About
"Revolution, Violence, and Literature: Restaging the French Revolution"
My dissertation traces the history of the relationship between literature, history and political change as it is articulated in literature itself. I argue that literature, in particular of and about the past, can provide the conditions for critique that many theorists claim have become impossible in late capitalism. I bring together a comparative corpus of literary works that have the French revolutionary episodes of 1789-93 and 1871 as their theme, and revolution, as a relationship to history, as their aim.

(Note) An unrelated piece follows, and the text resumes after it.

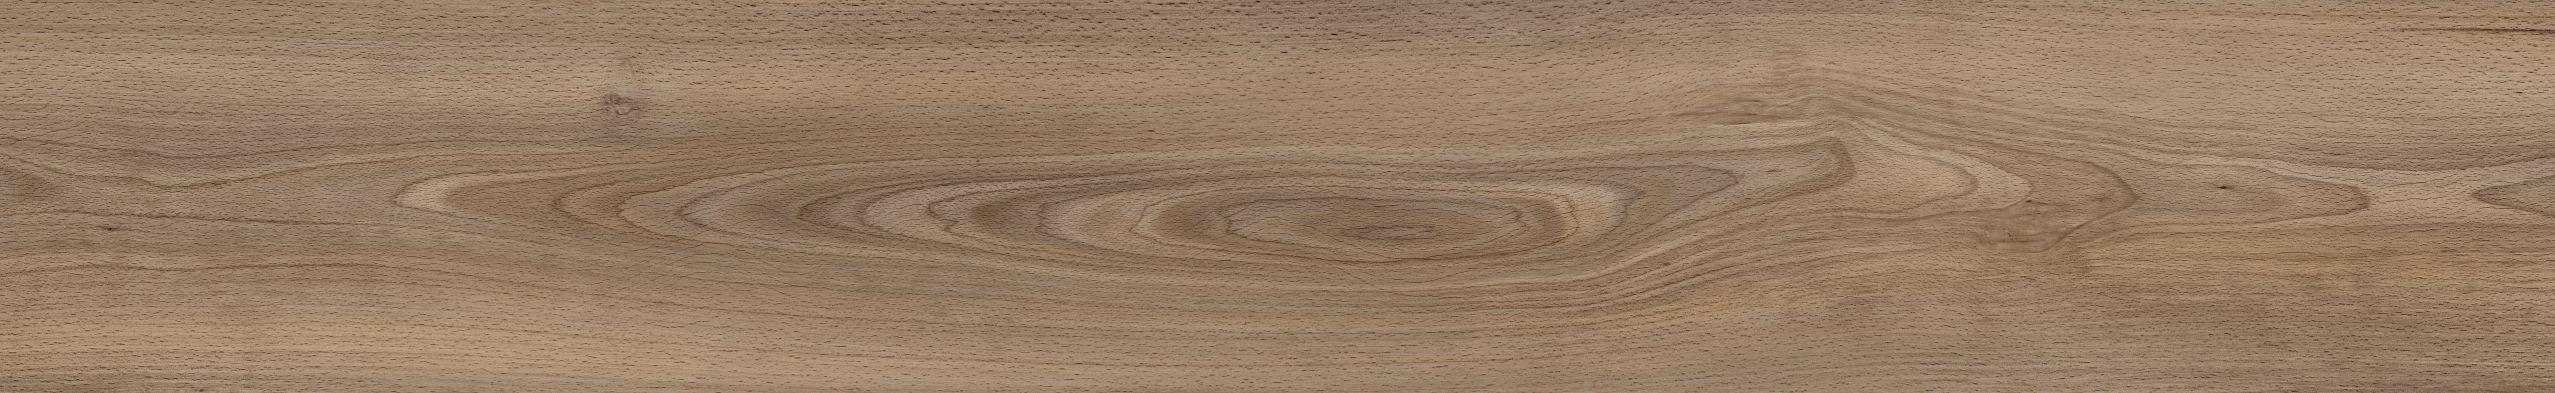 Panele winylowe LVT modulari ® WOOD DRYBACK 19,6 x 132 cm 28288
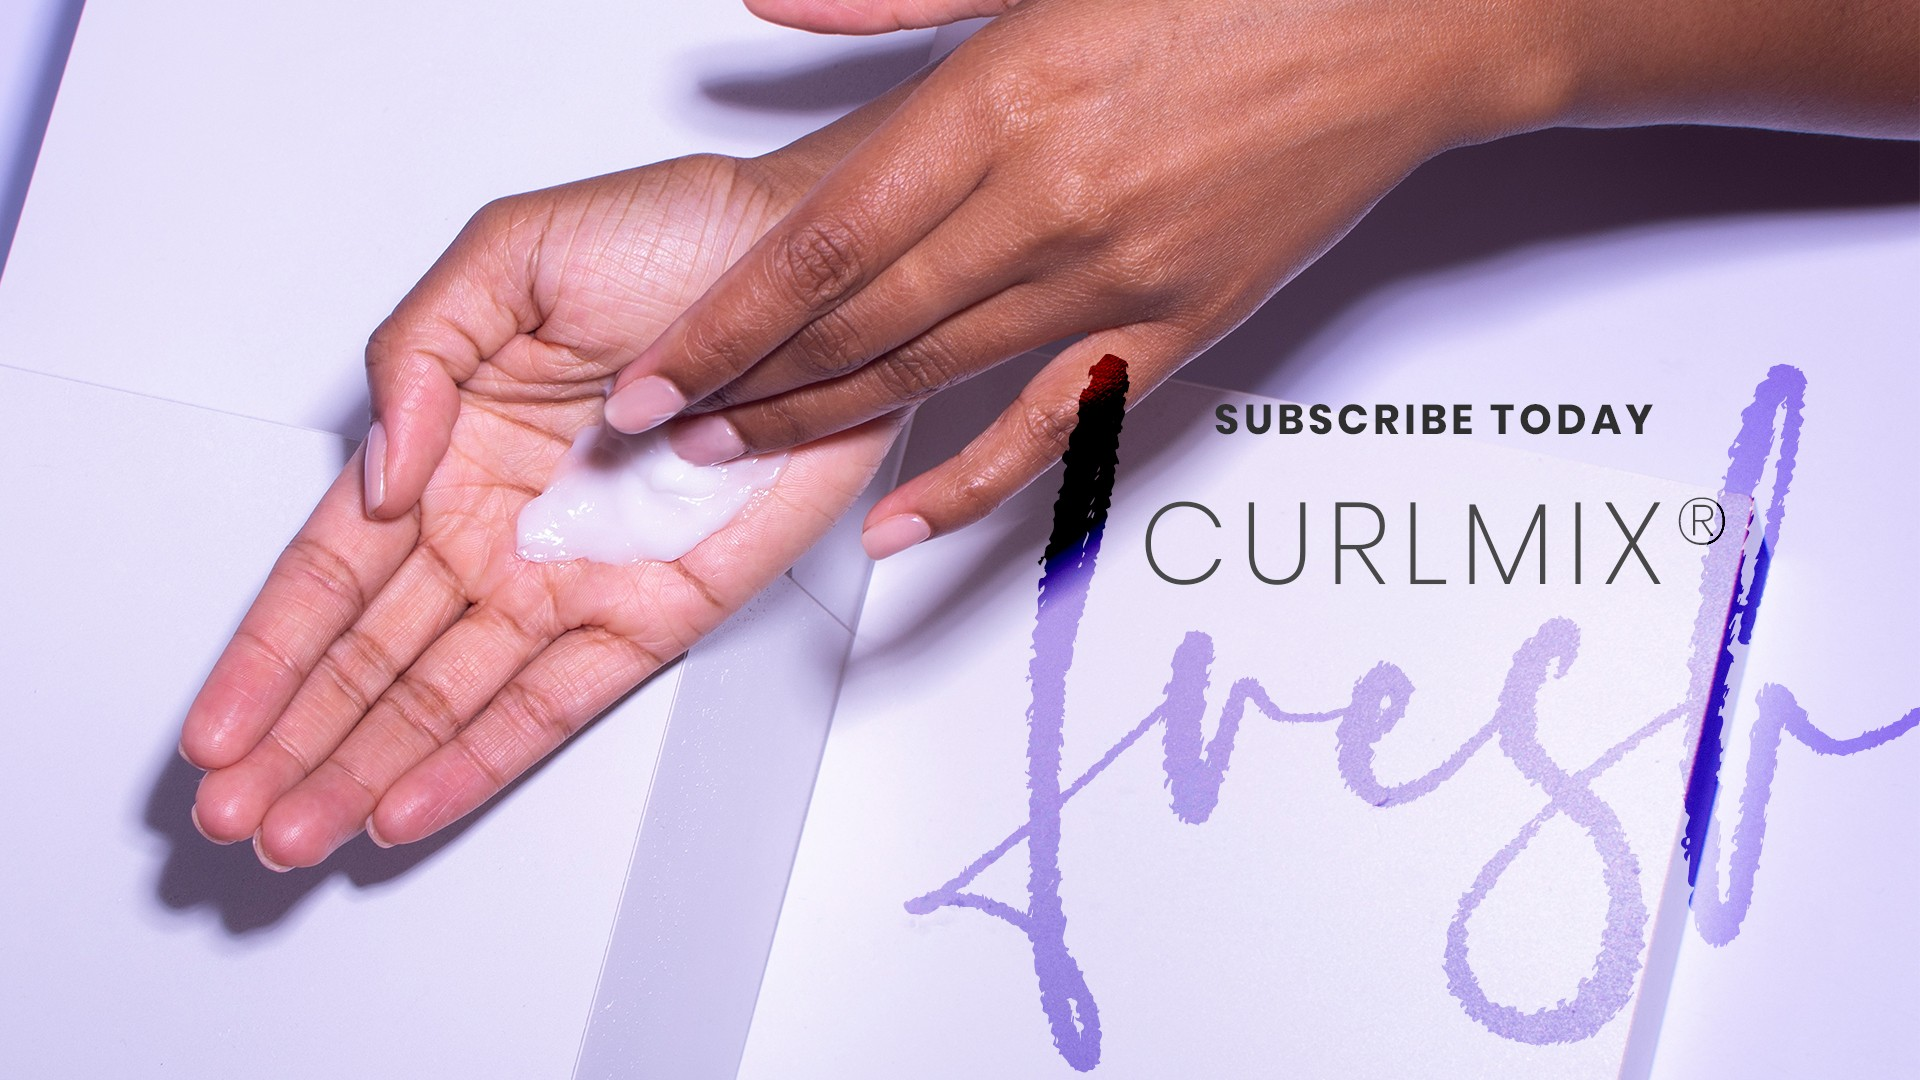 CurlMix Fresh

This includes works from various literary genres (novels, poetry, theater, and cinema), in different languages (French, English, German, and Polish), and ranging from the late 18th to the late 20th century. I look at how my authors represented and dealt with a revolutionary past that was almost immediately made into a myth and the demise of which is most frequently attributed to its moments of violence. The historical layering present in these works motivates my own approach to this corpus. I first historicize my authors’ practices and theories about literature and revolution. Then, I locate in each of them what I call a “literary knowledge” that sheds light on today’s challenges to radical change, defying the postmodern premise about it being, in Fredric Jameson’s words, “easier to imagine the end of the world than the end of capitalism.” (Jameson 2003, 76)
Luiza Duarte Caetano is a Ph.D. Candidate in Comparative Literature.